I don't really care which one you want to emphasise. My point is simply that at some point the GM makes some stuff up, and then the GM during play communicates that stuff to the players. I've never said that what is made up is arbitrary or pointless. I've never said that the communication is arbitrary or pointless. My point is that it is taking place and is key to how this particular sort of RPGing works.

There is no objective model of Ravenloft which answers the question where should this character be right now, and what is she doing? That has to be decided.

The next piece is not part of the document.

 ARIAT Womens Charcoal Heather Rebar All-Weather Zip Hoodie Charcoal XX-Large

History isn't perfectly predictable like math, but events flow from one to another. You can see the logic and you can anticipate future possibilities.

<snip>

events might be unpredictable, but they do have a rhyme and reason. But even a granular exchange isn't total chaos. We can follow a conversation between two people and understand how it gets from point A to B to C. And when we run a game we simply doing our best to achieve that kind of fidelity to what is plausible
If you were GMing a game of subversives and insurrectionists in the early 20th century Balkans, would you extrapolate from the assassination of the Archduke to the death of many many millions of soldiers across Europe and its near neighbours, and the collapse of the German, Austro-Hungarian, Turkish and Russian governments?

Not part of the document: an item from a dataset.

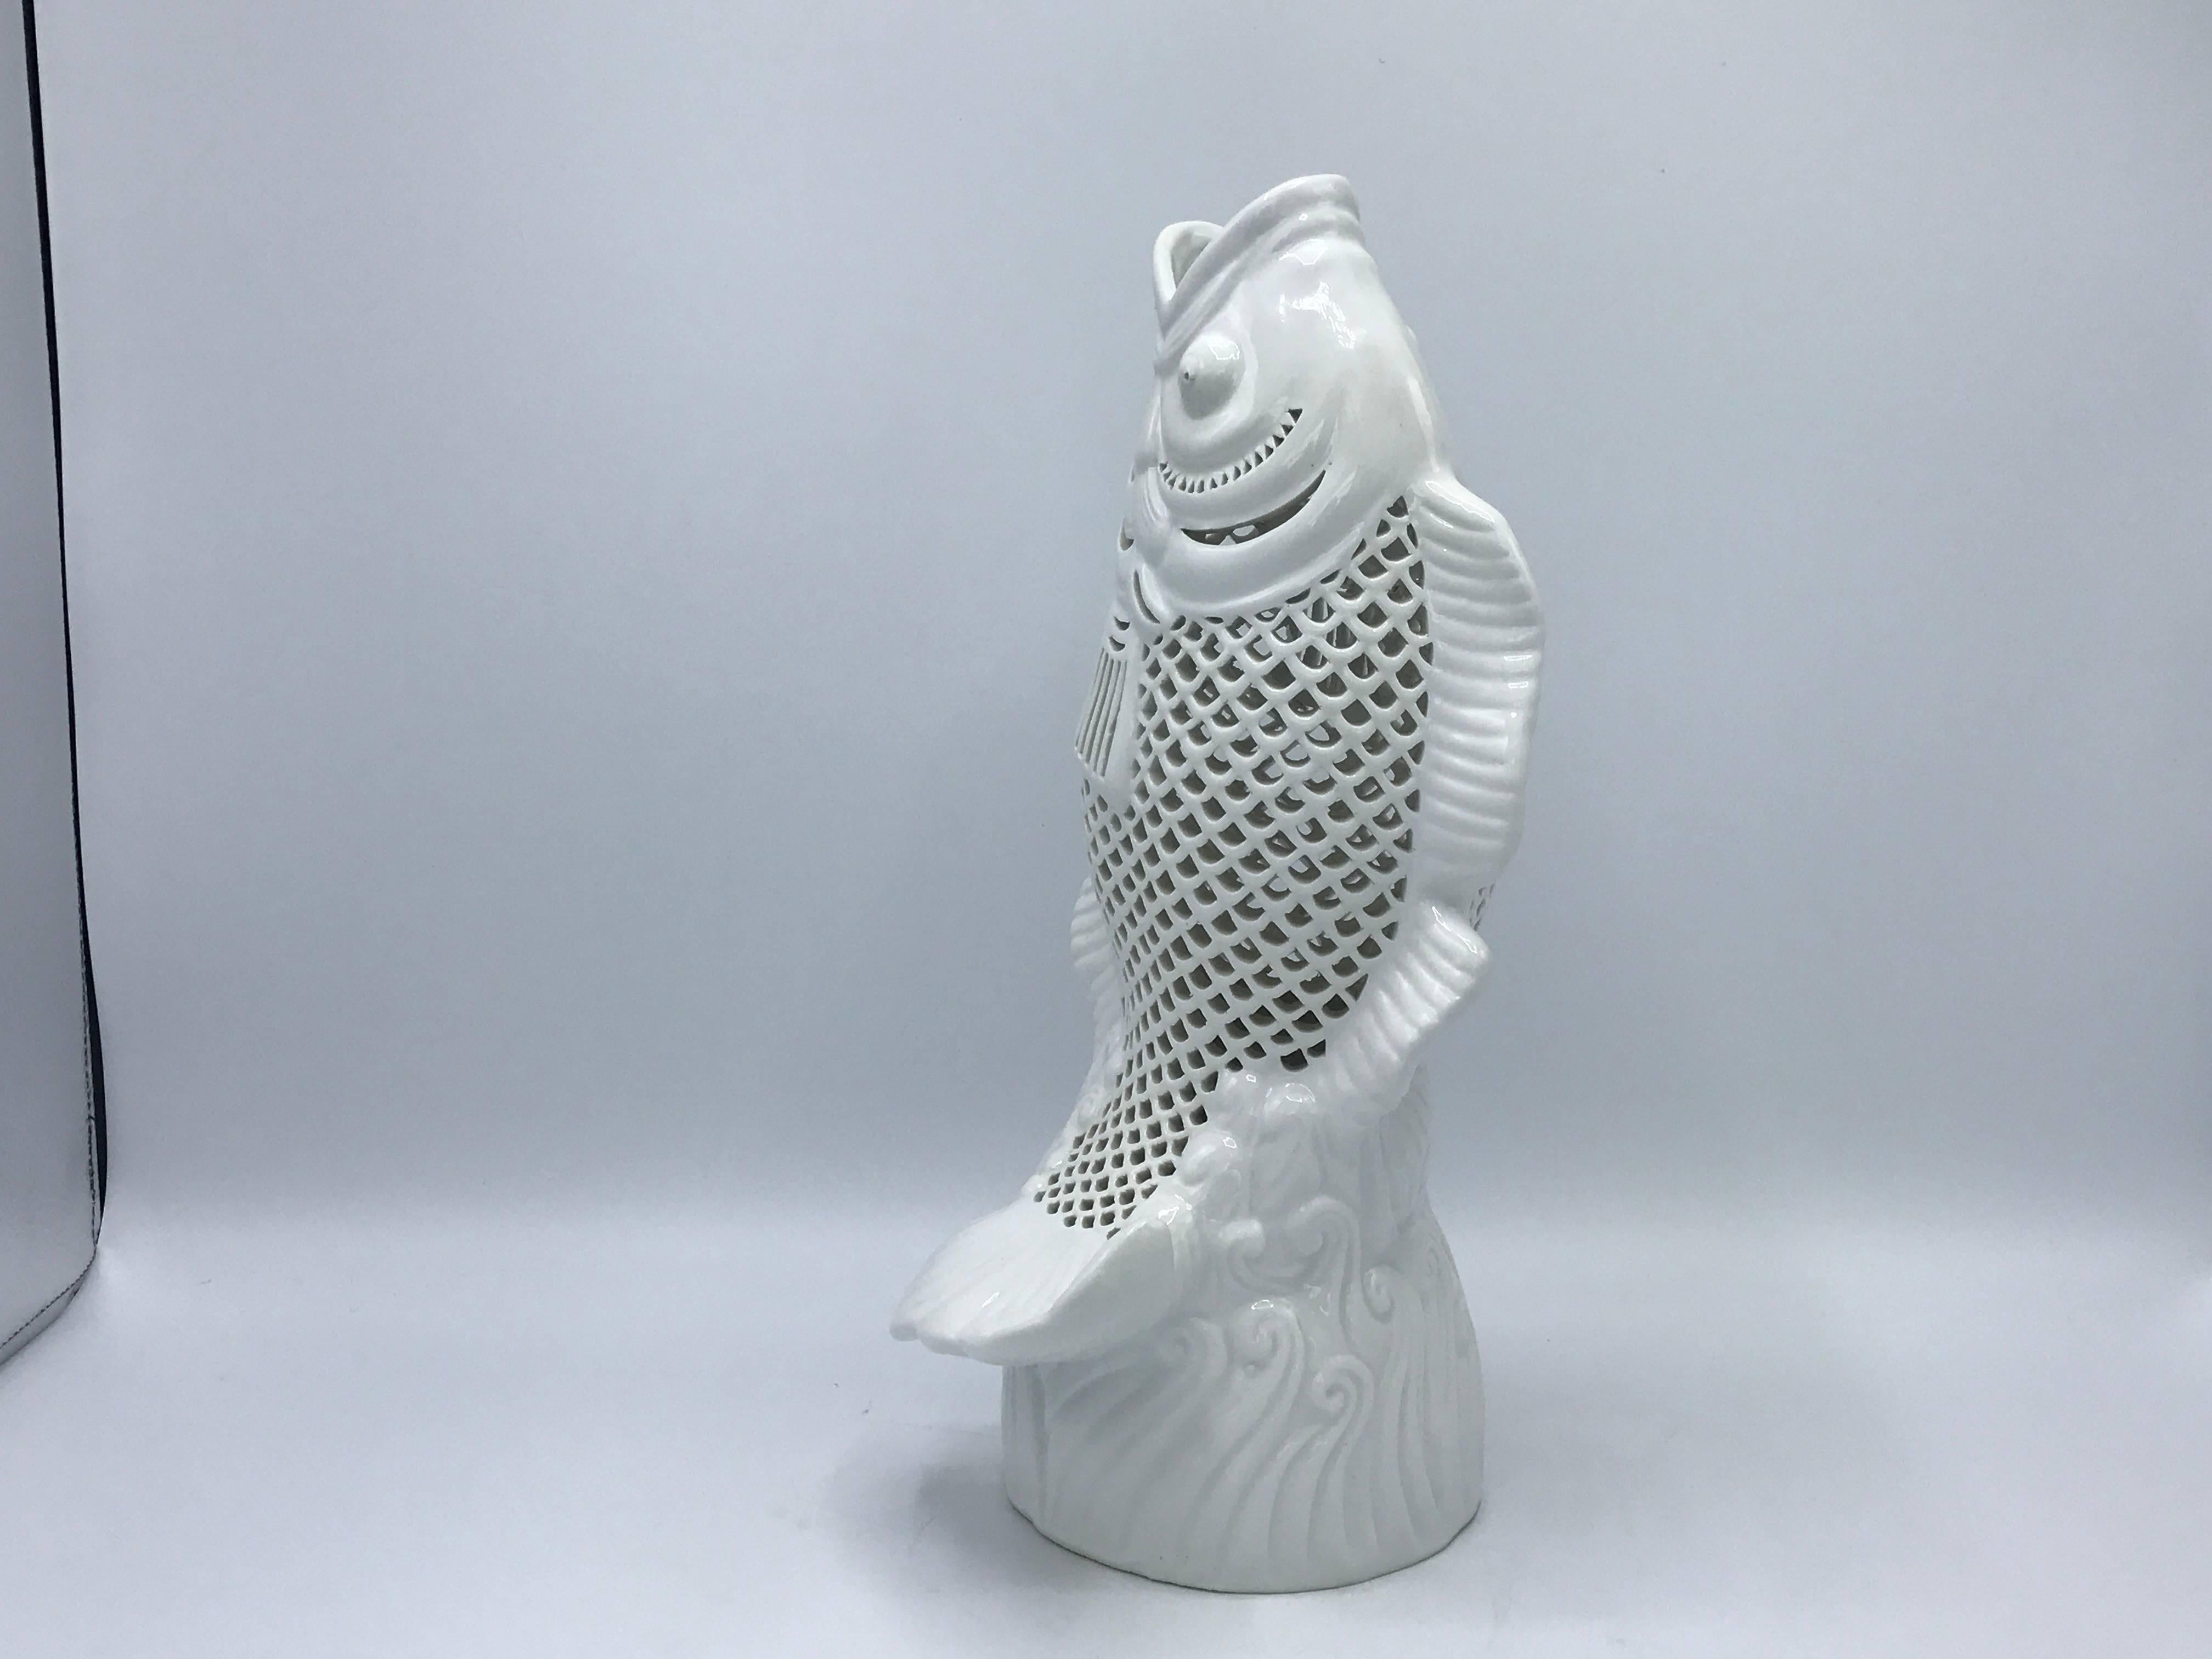 Offered is a fabulous, 1960s Blanc de Chine koi fish sculpture. Pure white porcelain. Pierced along the scales. Small holes underneath, allowing it to easily be converted into a lamp.

I had conversations yesterday which ended up in places I didn't predict at the start.

Plausibility is not a constraint that yields unique answers. Anticipation of possibilities likewise does not yield unique answers. That's why the language of "model" is misleading, once we get beyond a map which might permit simple distance and timescale calculations- and even those are very limited (eg I don't know of any version of D&D that allows for sprained ankles causing a change in a PC's movement rate).

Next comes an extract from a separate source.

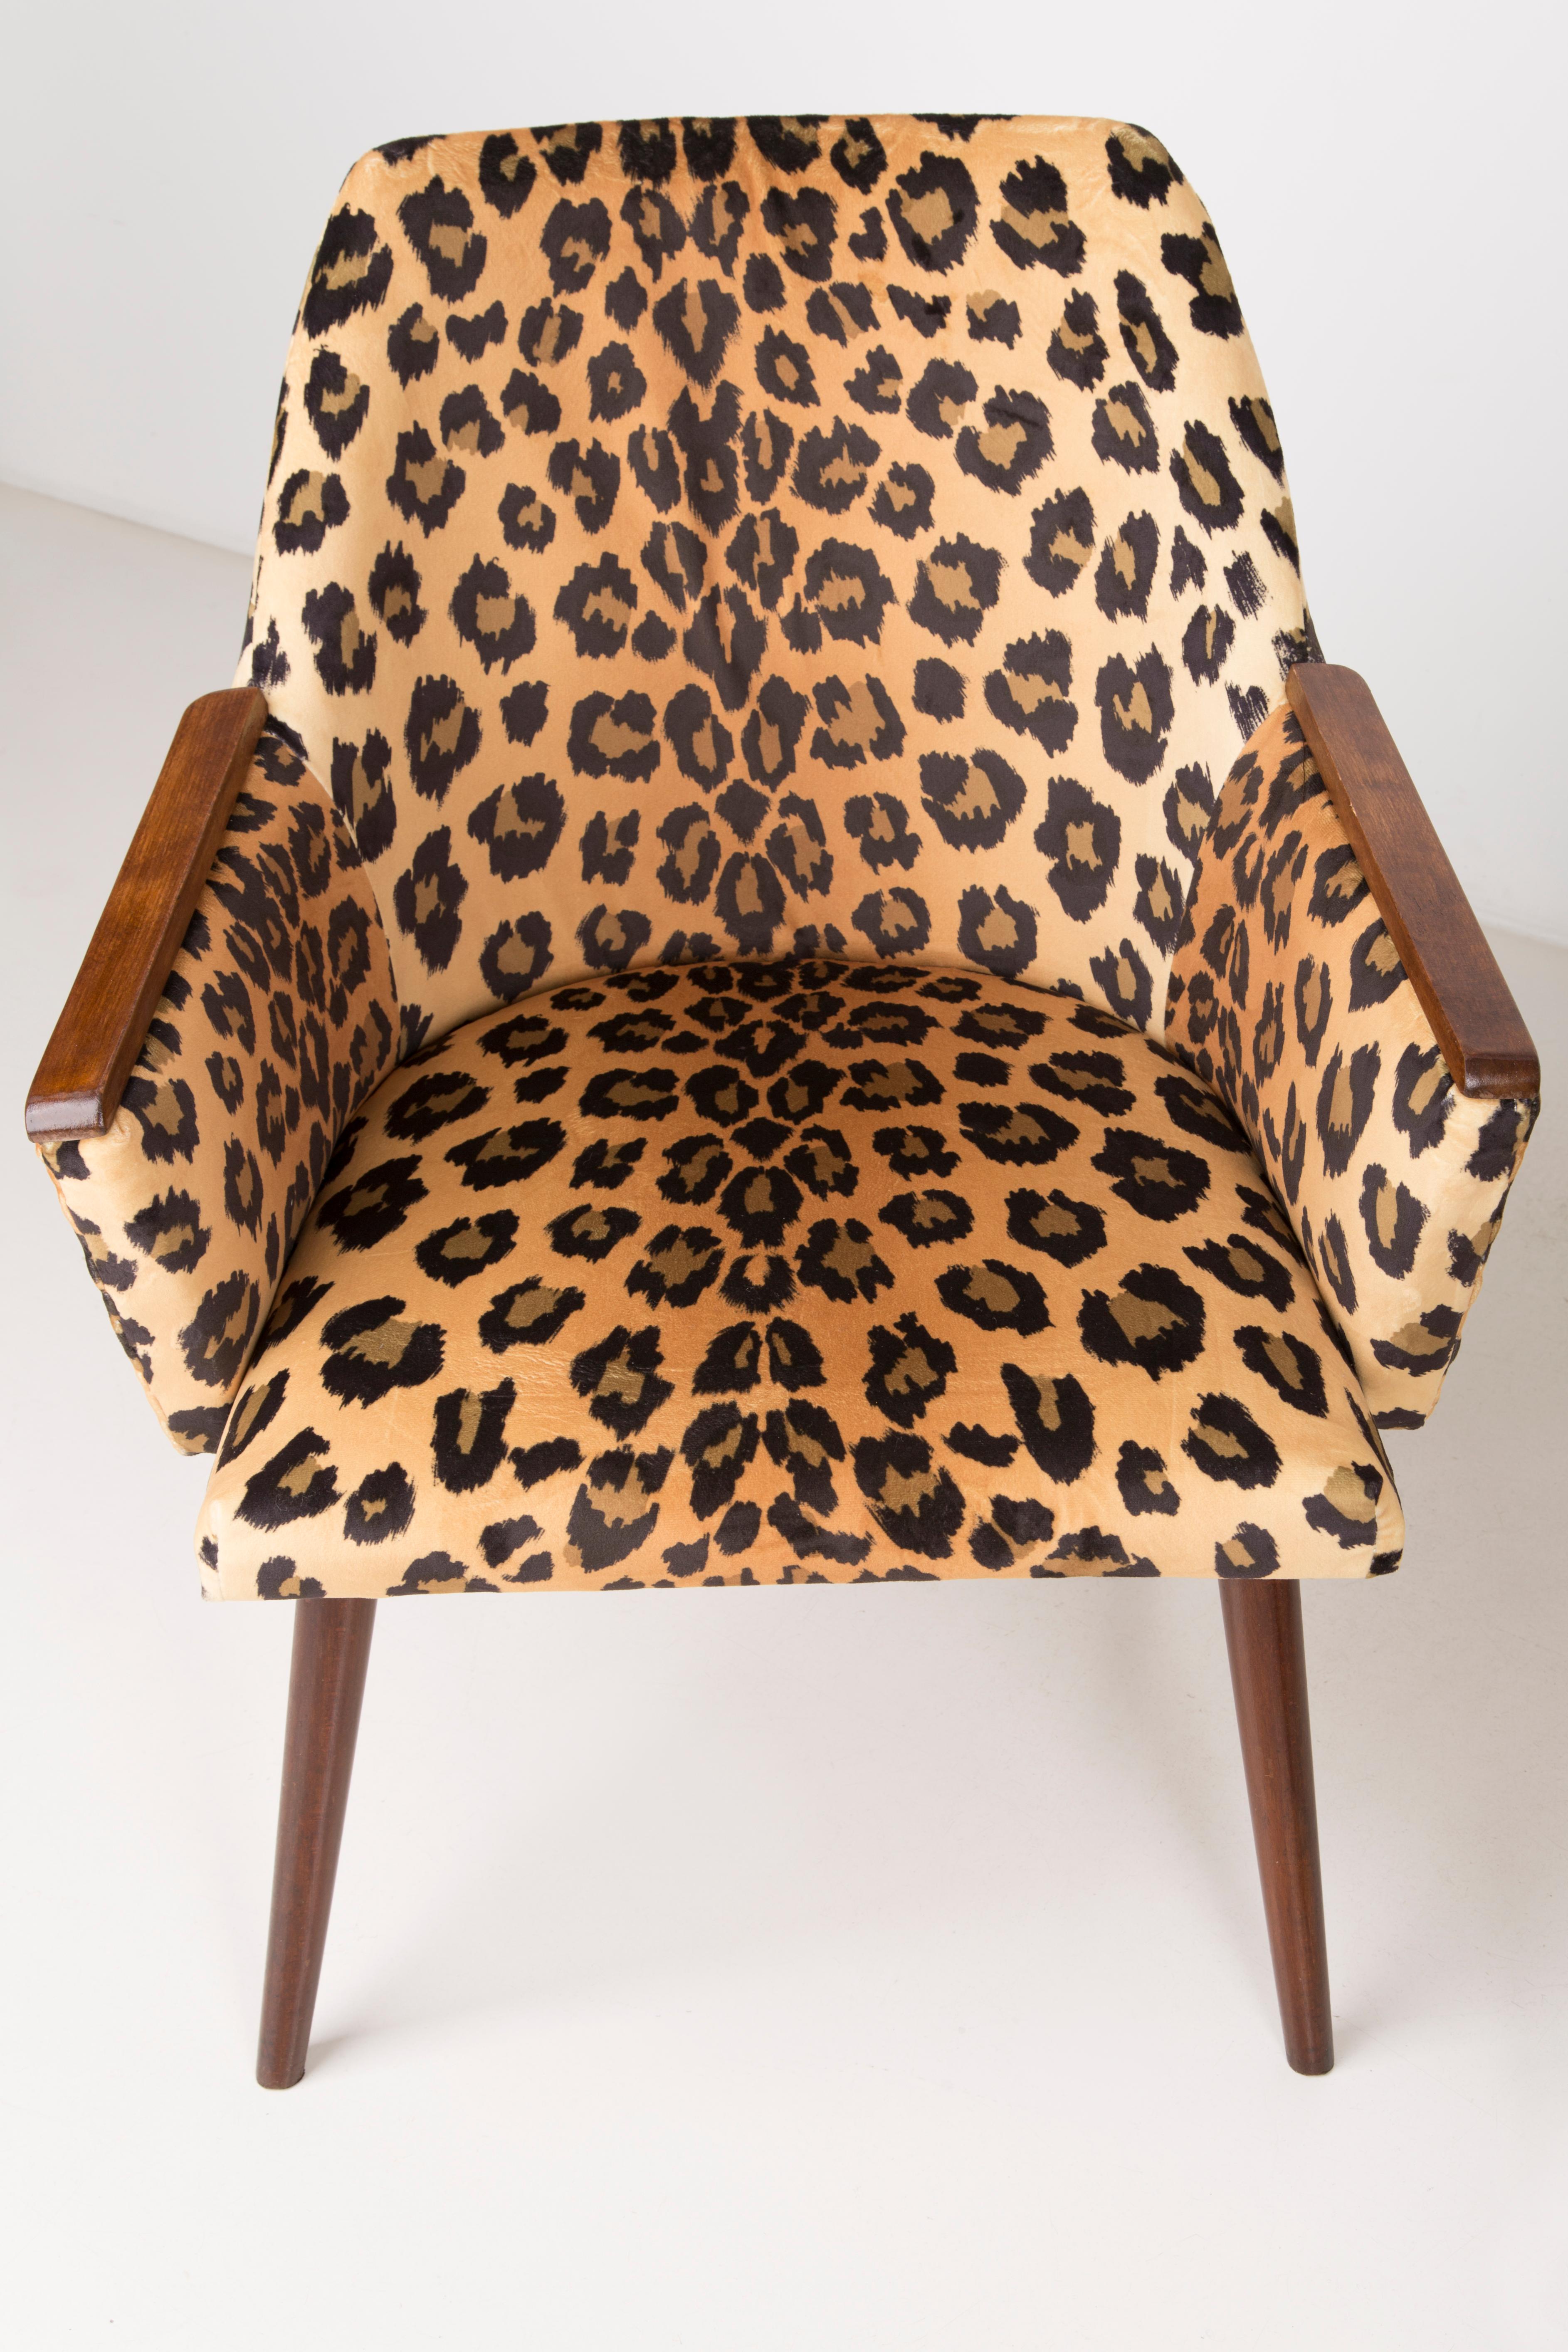 Set of Two Mid-Century Modern Leopard Print Chairs, 1960s, Germany 2

if you accept the notes as a kind of model, then surely you can't reject my argument that there is a mental modeling going on.
There's no model. There's a description of an imagined place or situation. Which is then referred to to facilitate framing and, in some approaches to RPGing, resolution.

No one is saying you can extract information about he model that the GM hasn't told you. But you could explore it room to room and get a sense of the overall structure based on what is emerging, provided he is accurately conveying the model details to you.
The phrase what is emerging is just euphemism for what the GM tells the players. Exploring room to room just means declaring actions that provoke the GM to do some of that telling. Getting a sense of the overall structure is another way of saying learn what the GM is imagining abot the house.

And if the GM hasn't written down whether the dining table is oak or pine, there is no "model" that will answer that question. Someone will have to make a decision.